A imprensa o chamou de “o roubo do século”. O roubo foi espetacular, sem dúvidas. Em julho de 2002, alguns indivíduos cavaram um túnel de 30 metros de comprimento para entrar clandestinamente no porão do Museu Nacional de Belas Artes de Assunção, no Paraguai. Cinco pinturas foram roubadas, incluindo San Jerónimo, uma pintura anônima do século XVI avaliada em US$ 200 mil. Os ladrões escaparam e cruzaram a fronteira com a Argentina. Pouco tempo depois, a pintura foi colocada à venda em Posadas, no nordeste do país. No entanto, as forças de segurança a rastrearam em 2008 – e a Argentina devolveu a obra de arte ao Paraguai no mesmo anor.
A história do retorno de San Jerónimo não é um caso isolado. Desde 2004, a Argentina devolveu 4.825 peças de patrimônio roubado – obras de arte, vestígios arqueológicos e documentos históricos – apreendidos em seu território para os respectivos países de origem. Na última década, o país se tornou um exemplo regional da restituição de bens roubados.
María Florencia Galesio, diretora de pesquisa do Museo Nacional de Bellas Artes, na Argentina, explica que essa política é o resultado de uma crescente conscientização sobre o valor patrimonial dos objetos de culturas pré-hispânicas. “A arte pré-colombiana, cujo valor estético foi subestimado por muito tempo, se beneficiou de um maior reconhecimento nos últimos 15 anos”, diz ela.
A inauguração, em 2004, de uma galeria de arte pré-colombiana no Museu de Belas Artes de Buenos Aires foi um passo decisivo para o reconhecimento desses vestígios de civilizações do passado. “É a prova do valor estético que nós agora atribuímos às exposições, para além da sua dimensão etnológica ou arqueológica”, acrescenta Florencia Galesio.
O caso Janeir
“Essa valorização deve muito às instituições museológicas, mas o fenômeno não surgiu do nada – acompanhou a adoção, em 2003, da lei de proteção do patrimônio arqueológico e paleontológico”, diz a pesquisadora. Foi no mesmo ano em que a Argentina ratificou a Convenção da UNESCO de 1970 para combater o tráfico ilícito de bens culturais.
A nova legislação confiou ao Instituto Nacional de Antropología y Pensamiento Latinoamericano (INAPL) a implementação da lei no âmbito nacional e obriga os proprietários de objetos originários de sítios arqueológicos ou paleontológicos a registrá-los oficialmente.

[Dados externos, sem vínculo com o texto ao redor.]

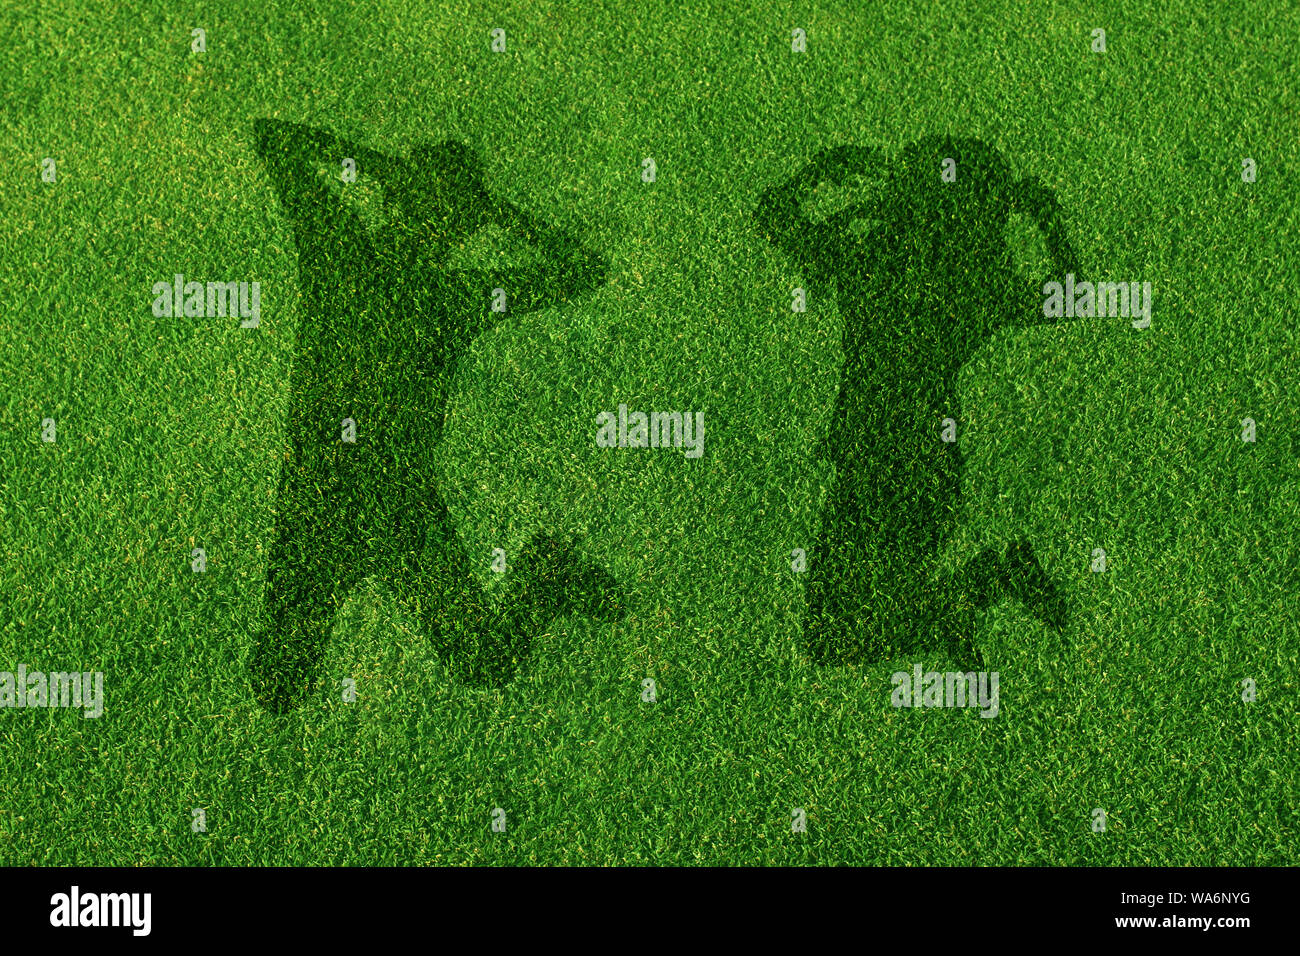 Ombra di una coppia in erba che salta in aria Foto Stock
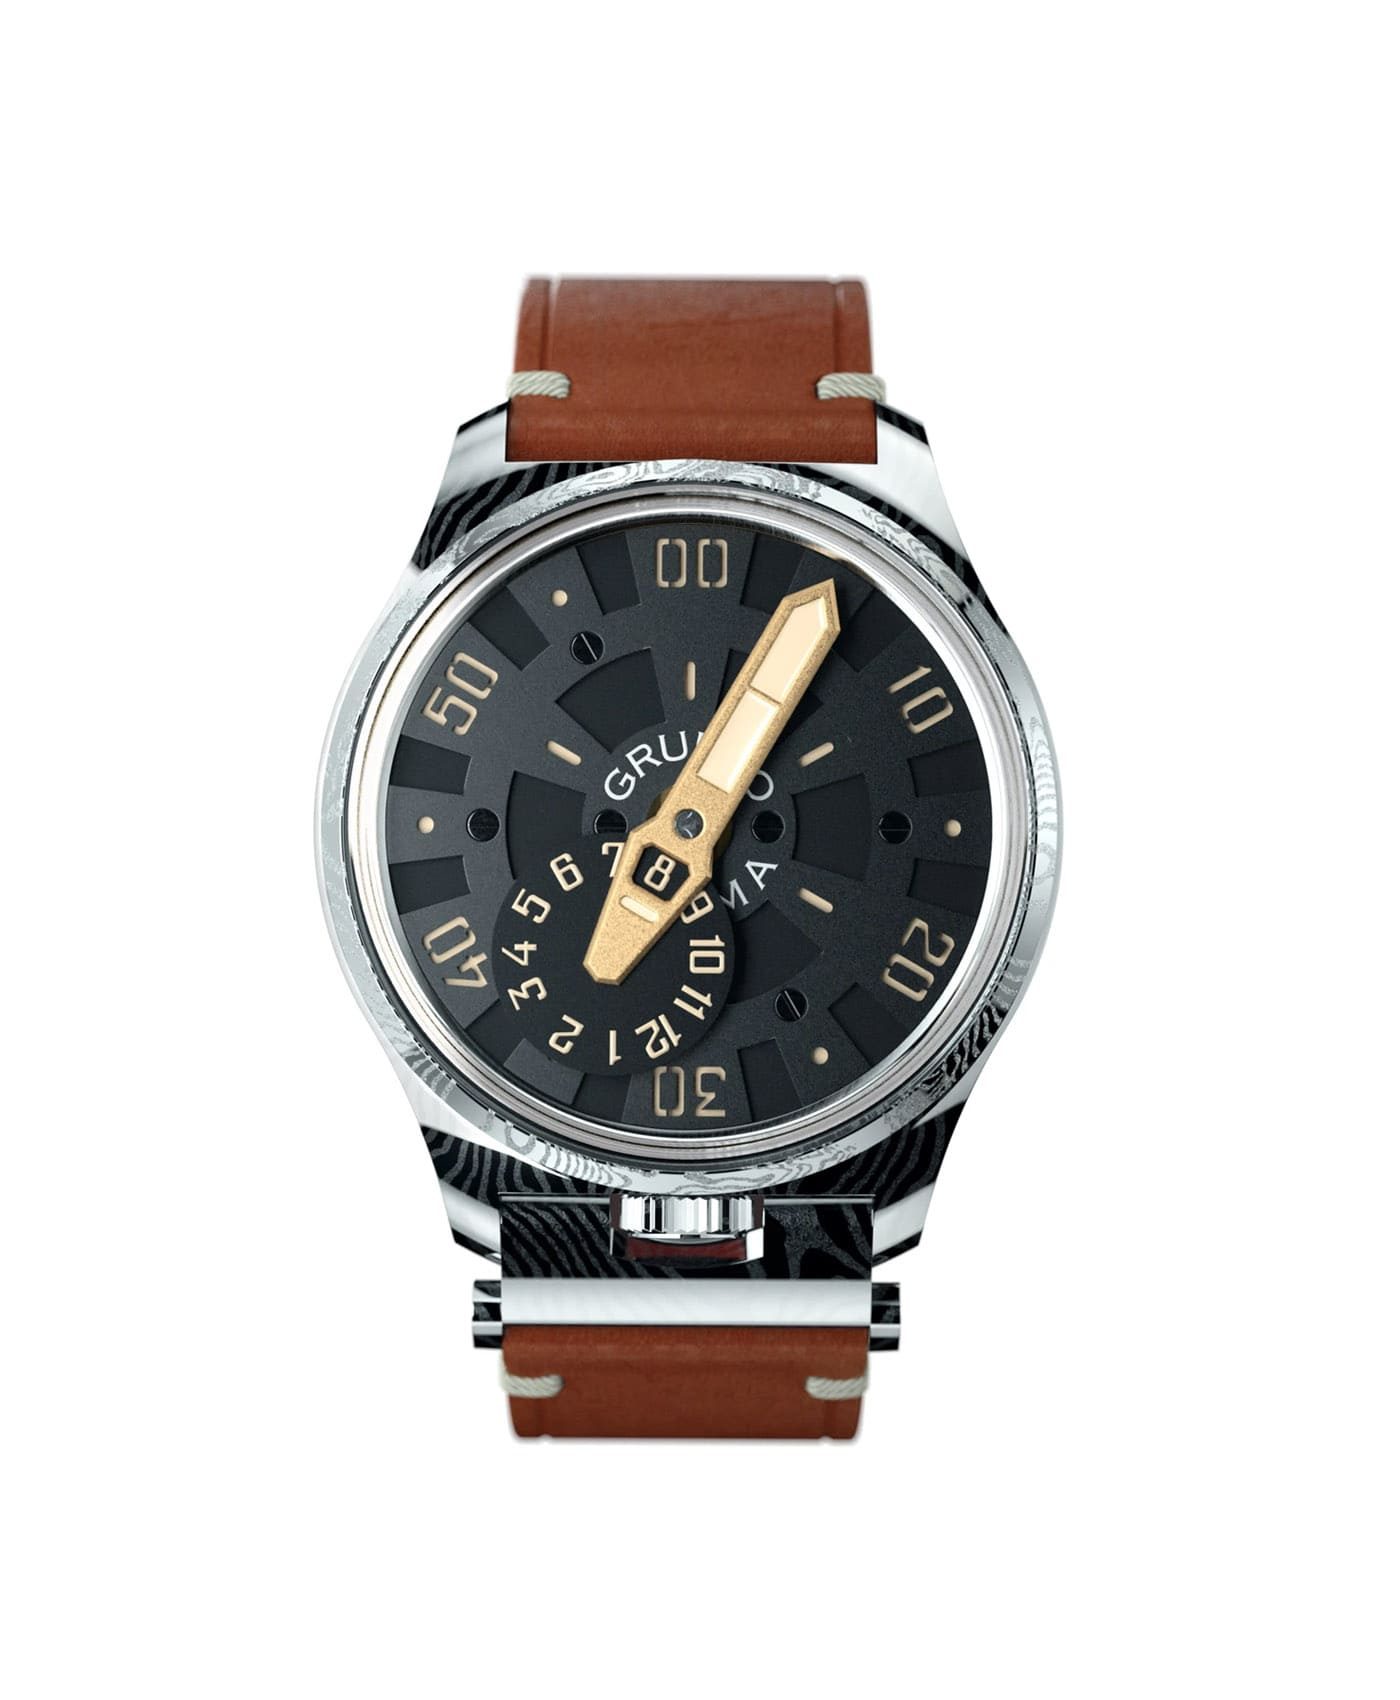 Gruppo Gamma_NEXUS ND-02_front damascus steel watch case

A aprovação da lei de 2003 está relacionada ao “caso Janeir”, que teve um impacto na opinião pública e ajudou na evolução das mentalidades e da legislação. No início dos anos 2000, agentes Policía de Seguridad Aeroportuaria ficaram surpresos ao notar a grande quantidade de objetos arqueológicos que passavam pelo Aeroporto Internacional de Ezeiza, em Buenos Aires. Eles recorreram ao INAPL, que treinou agentes para identificar vestígios arqueológicos e paleontológicos. Entre 2000 e 2001, cerca de 10 mil objetos foram apreendidos em várias lojas da capital argentina. A maior parte pertencia a Néstor Eduardo Janeir, um negociante de antiguidades.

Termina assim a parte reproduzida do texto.